Good points are made however about how the eyes perception of the smoothness of moving images is improved by motion blur artifacts due to photographic technique. Another good point is that one's display hardware has to be up to the task, wiggle your pointer around on the screen, does it leave a blur?

I think what most of us are REALLY saying when we say 60fps is smooth and 30fps is jerky is that a game with an everage 60fps that sometimes zooms to 80fps and drops to 40fps is smoother than a game that runs an average 30fps, zooms to 40 and drops to 20. It's not the 30 that bothers us, it's the 20fps it drops to occasionally, even if it's for tenths of a second.

regards,

Road Warrior
 
It's the drops that kill you, your brain can handle a steady "unsmooth" FPS long as it is at a decent rate and make it smooth by it's own nature, just when it get's a drop from 40 to 20, it can't compensate as it hasn't been "running" that way, so you notice it (same as you'll notice 60 to 30). Drops are worse as the visual cortex can't predict anymore, and alot of smooth vision is on prediction. It's all in your head. :)

Rods are a moot point, they are there for enviromental awareness, nothing more - that is why they are located to the periphery - you want something simple that gives simple information to the VC as complex info takes time to compute and if something is coming at you, you may not have that time. Darwinism.

I agree with RoadWarrior about the article, and so does at least one of the two anatomy books I have.
 
This is interesting. I often wondered this myself.
Wondering wheather 300fps on 3dmark was any better than 80fps on farcry.
They both look smooth, well of course, it was smooth on my gf2.. 3dmark was smooth I mean.
 
I've usually heard that movies and TV are at 30FPS cuz that's about the maximum that the human eye can see. But when I play C-Strike and change the FPS_MAX from 30 to 100, I can totally see a difference. But as the people above me said, it's probably just the split-second framerate drops that make things look jerky.
 
kiyoshilionz said:
I've usually heard that movies and TV are at 30FPS cuz that's about the maximum that the human eye can see. But when I play C-Strike and change the FPS_MAX from 30 to 100, I can totally see a difference. But as the people above me said, it's probably just the split-second framerate drops that make things look jerky.
The resolution and complexity of the image are totally different between a movie screen and a monitor, hence the need for more FPS. Also, of the 30 fps in a movie, 3 of those are the same frame. Check out those links above ;)
 
Neither your eyes nor your brain see things in frames per second. Your eyes, the connecting nervous system and your brain all function on chemical reactions and incredibly small electrical currents.

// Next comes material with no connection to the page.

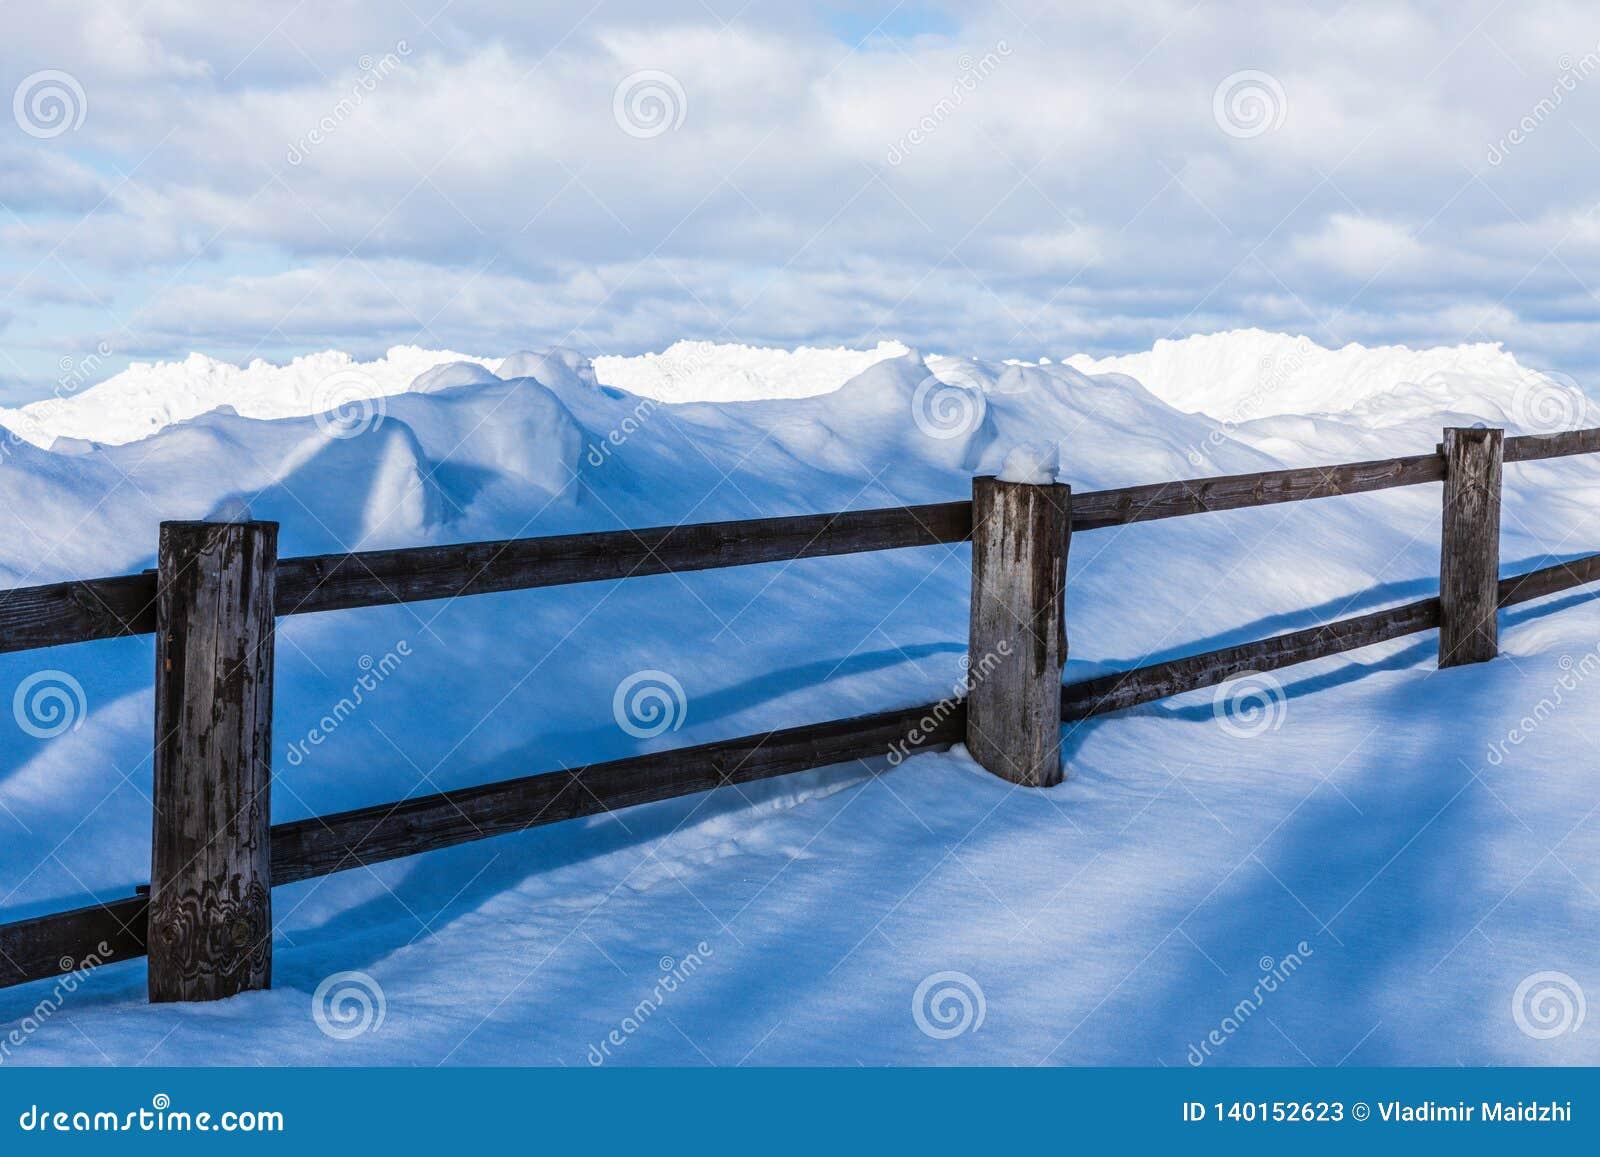 Der Zaun oder die Hecke und die Haufen des Schnees in der Landschaft oder im Dorf am kalten Wintertag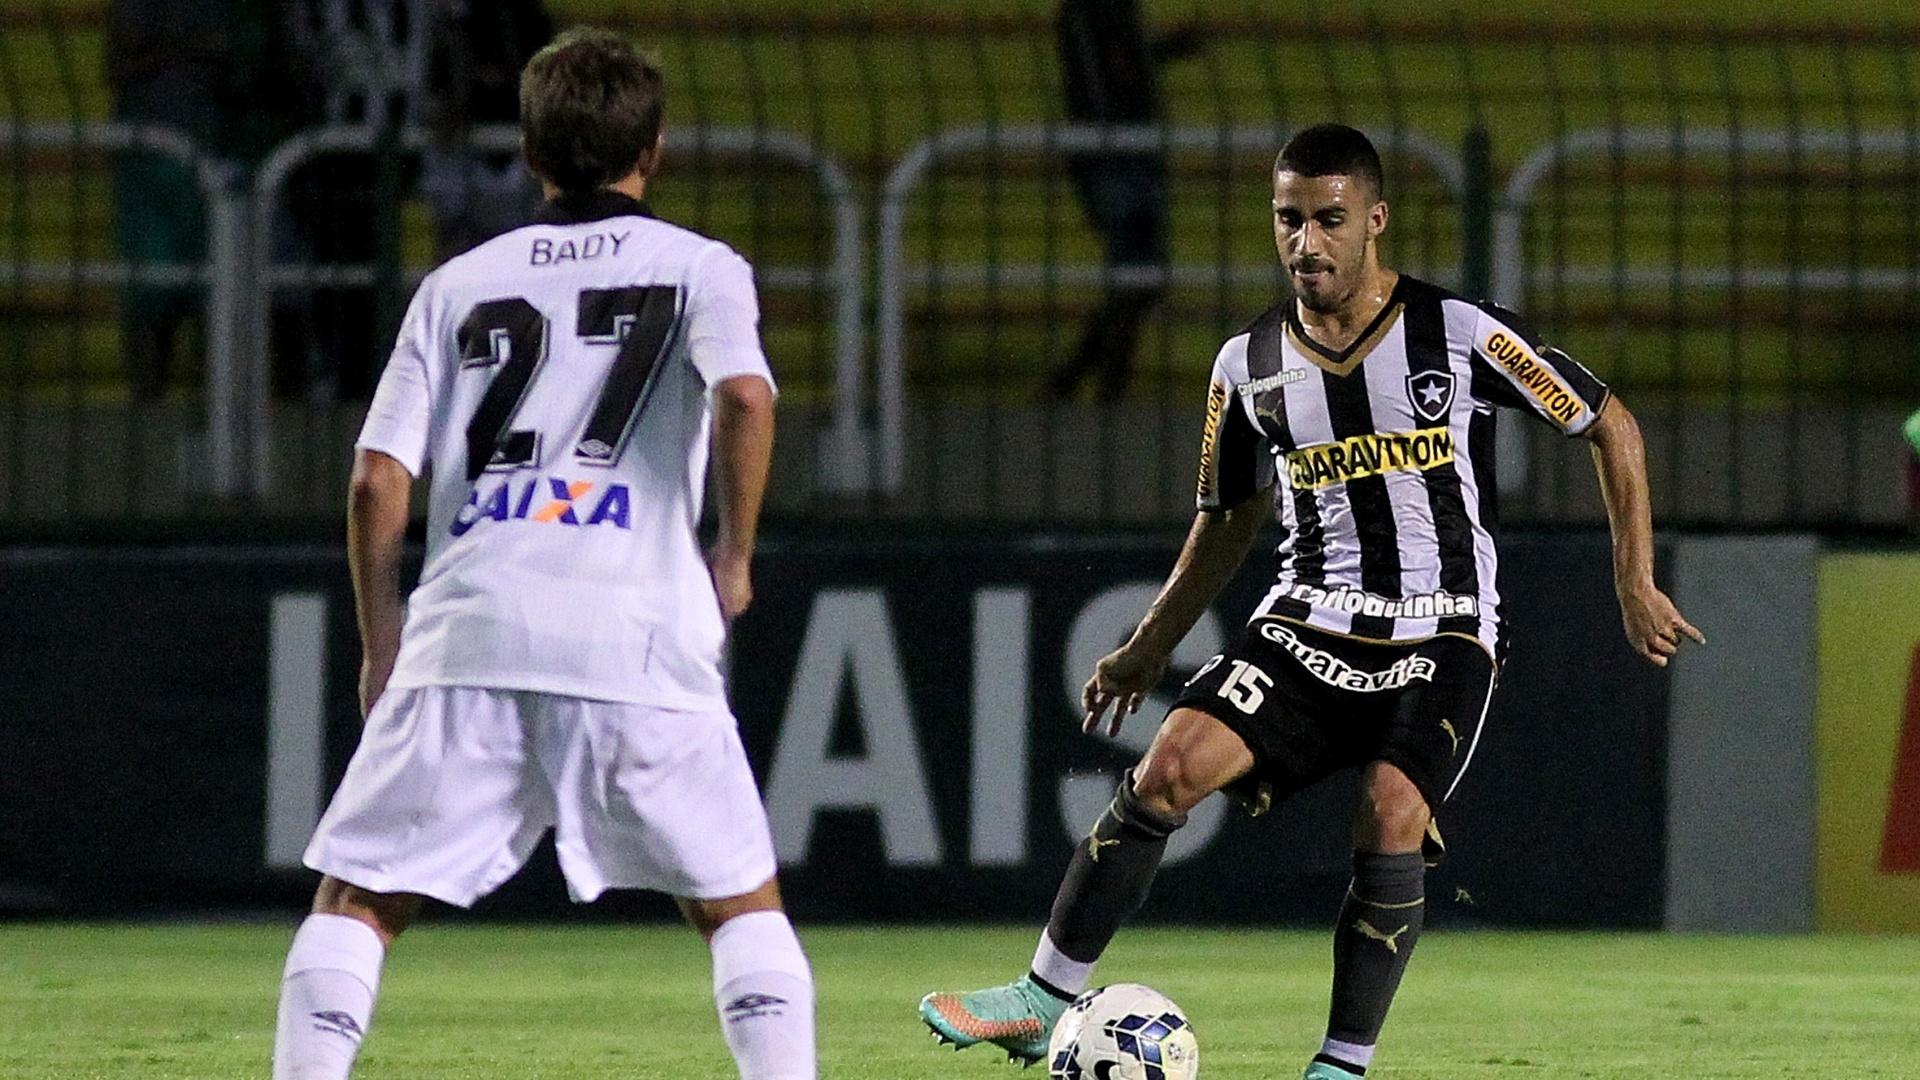 Gabriel, do Botafogo, é marcado por Bady, do Atlético-PR, durante derrota do Glorioso diante do Furacão neste sábado em Volta Redonda

All of that basically means that person A could potentially see events taking only 1/200th of a second, whereas person B could potentially see only events taking 1/100th of a second and nothing faster. Furthermore, by simply drinking more water or having more electrolytes in your body could actually change that value, maybe even drastically. Hell, a ton of things are capable of changing it: what you had to eat in the last 24 hours, body temperature, allergies ;), general state of health, age, even your general stress level can affect these chemical processes.

Also something to remember: frames rendered in movies and TV are radically different than frames rendered on a computer screen. Both movies and television use motion blur, so that very high motion doesn't appear choppy even at a paltry 30FPS. Your computer doesn't perform motion blur (in most circumstances) so the frames can be very jerky during a quick movement.